WEEKLY DEVOTIONAL – No Ordinary Baby

The angel Gabriel was busy.  Six months earlier he had visited Zachariah with the news that the long-forgotten prayers of he and his wife for a child would be answered in this very late season of their lives. Now, this angelic messenger was on another assignment, “sent from God to a city in Galilee called Nazareth, to a virgin betrothed to a man whose name was Joseph, a descendant of the house of David; and the virgin’s name was Mary” (Luke 1:26b-27, AMP).  The subsequent events around this visit are at the heart of the Christmas Season, a time most of the world set aside to remember and celebrate the birth of Jesus, the Christ.
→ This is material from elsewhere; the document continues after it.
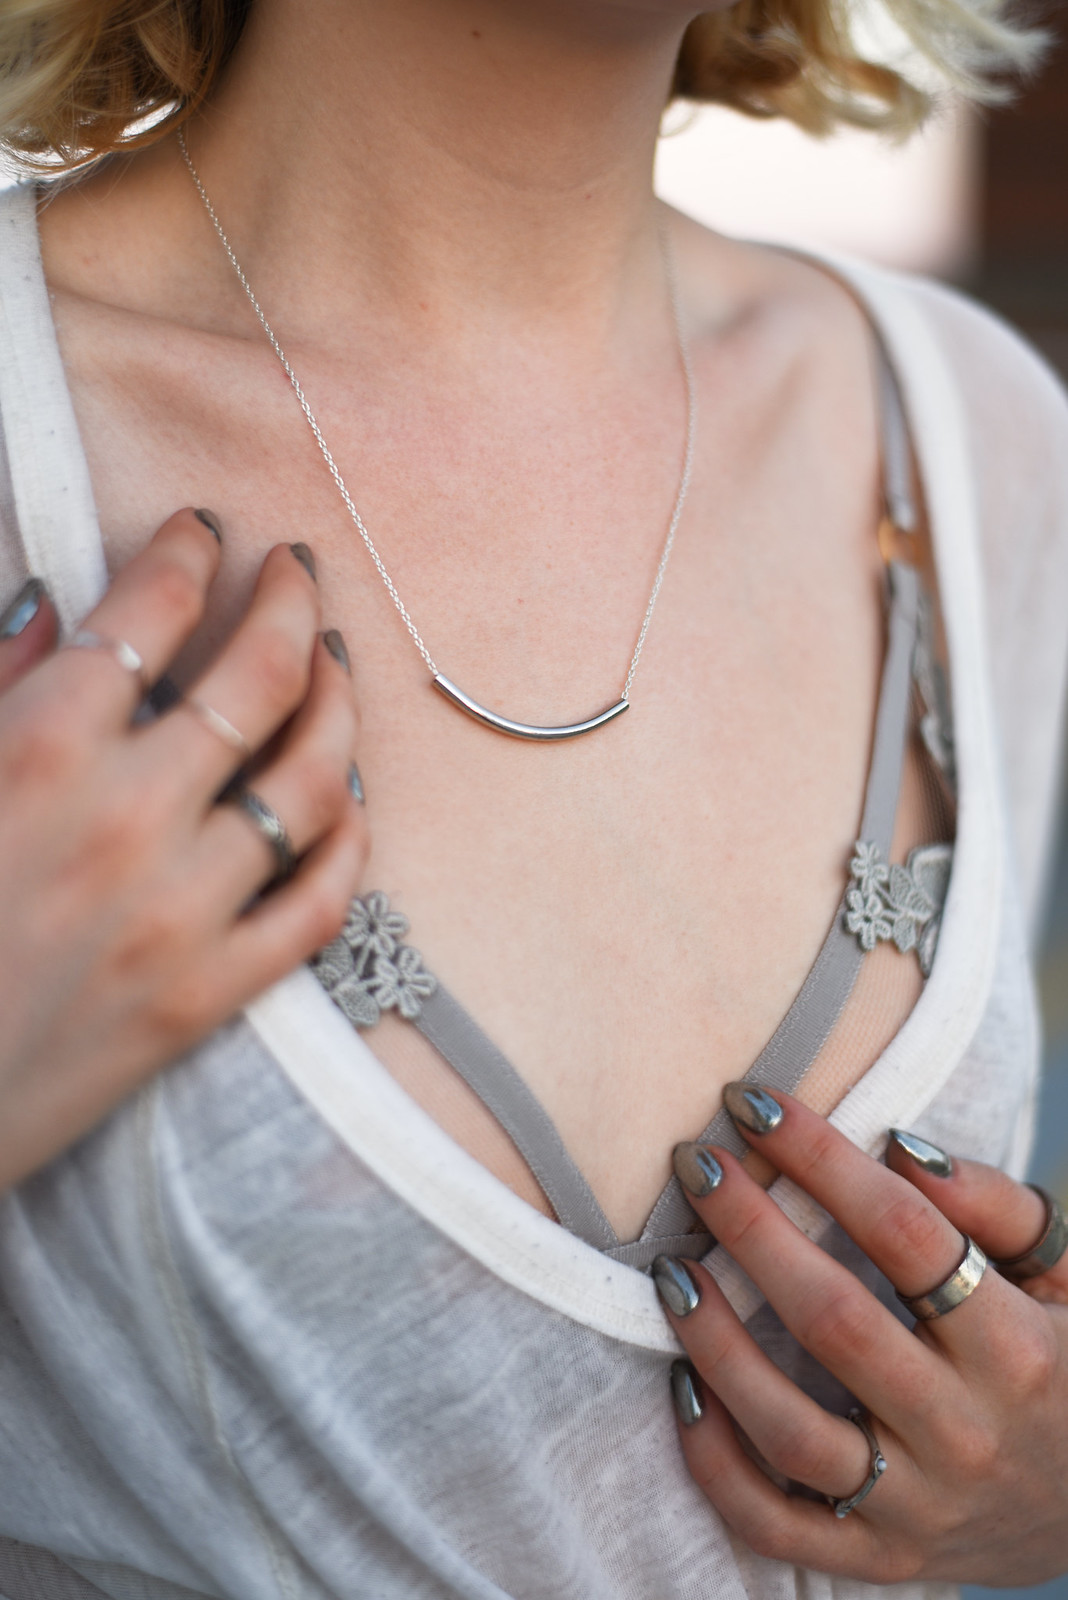 Chrome Nails, Free People Top and rings, Jaelle Necklace, and For Love and Lemons Bra on juliettelaura.blogspot.com

It is not difficult to understand how certain male babies born into royal families become kings.  However, never in the history of the world has a king become a baby.  Yet that was one of the significant messages in Gabriel’s announcement to Mary.  The baby that would be born was making an entrance into the world, but He was doing so from another place.  He was promised from as far back as in the Garden of Eden when God said to the serpent, “And I will put enmity (open hostility) between you and the woman, and between your seed (offspring) and her Seed; He shall [fatally] bruise your head, and you shall [only] bruise His heel” (Genesis 3:15).  Through various dispensations, prophets prophesied about Him and the religious establishment looked for Him.  He was expected, but nobody knew exactly where, when, or how.  But since He existed before His arrival as a baby, who was He?  The apostle John unveiled the divine Jesus when he wrote, “In the beginning [before all time] was the Word (Christ), and the Word was with God, and the Word was God Himself. He was [continually existing] in the beginning [co-eternally] with God. All things were made and came into existence through Him; and without Him not even one thing was made that has come into being” (John 1:1-3).

This same baby Jesus was the Word, He was with God, He was God Himself . . . continuously existing with God.  In other words, there was never a time that He never was. Creator and sustainer of all, king of heaven and earth.  At the appointed time, John tells us, “The Word (Christ) became flesh, and lived among us; and we [actually] saw His glory, glory as belongs to the [One and] only begotten Son of the Father, [the Son who is truly unique, the only One of His kind, who is] full of grace and truth (absolutely free of deception)” (v. 14).  Matthew Henry observes, “By His divine presence He always was in the world, and by His prophets He came to His own. But now that the fulness of time was come He was sent forth after another manner, made of a woman (Galatians 4:4); God manifested in the flesh.” In other words, God’s gift to the world – to reconcile the world to Himself – was the incarnate Christ.

It is this unique entrance into the world that we celebrate this and every Christmas season.  Jesus was born not in a lofty place, but at birth was placed in a manger amongst the animals.  Luke tells us there was no room in the guest room (Luke 2:7, NIV). Isacc Watts, in 1719, penned the words that start the well-known carol: “Joy to the World, the Lord is come / Let earth receive her king / Let every heart prepare Him room / And heaven and nature sing.” On the night when joy came into the world, there was no room for the King of kings and Lord of lords. Now every heart is charged with the responsibility to make room for Him.  Amidst the hustle and bustle of the holiday season, is there room in your heart and life for Jesus?

To you and yours, a very Merry Christmas!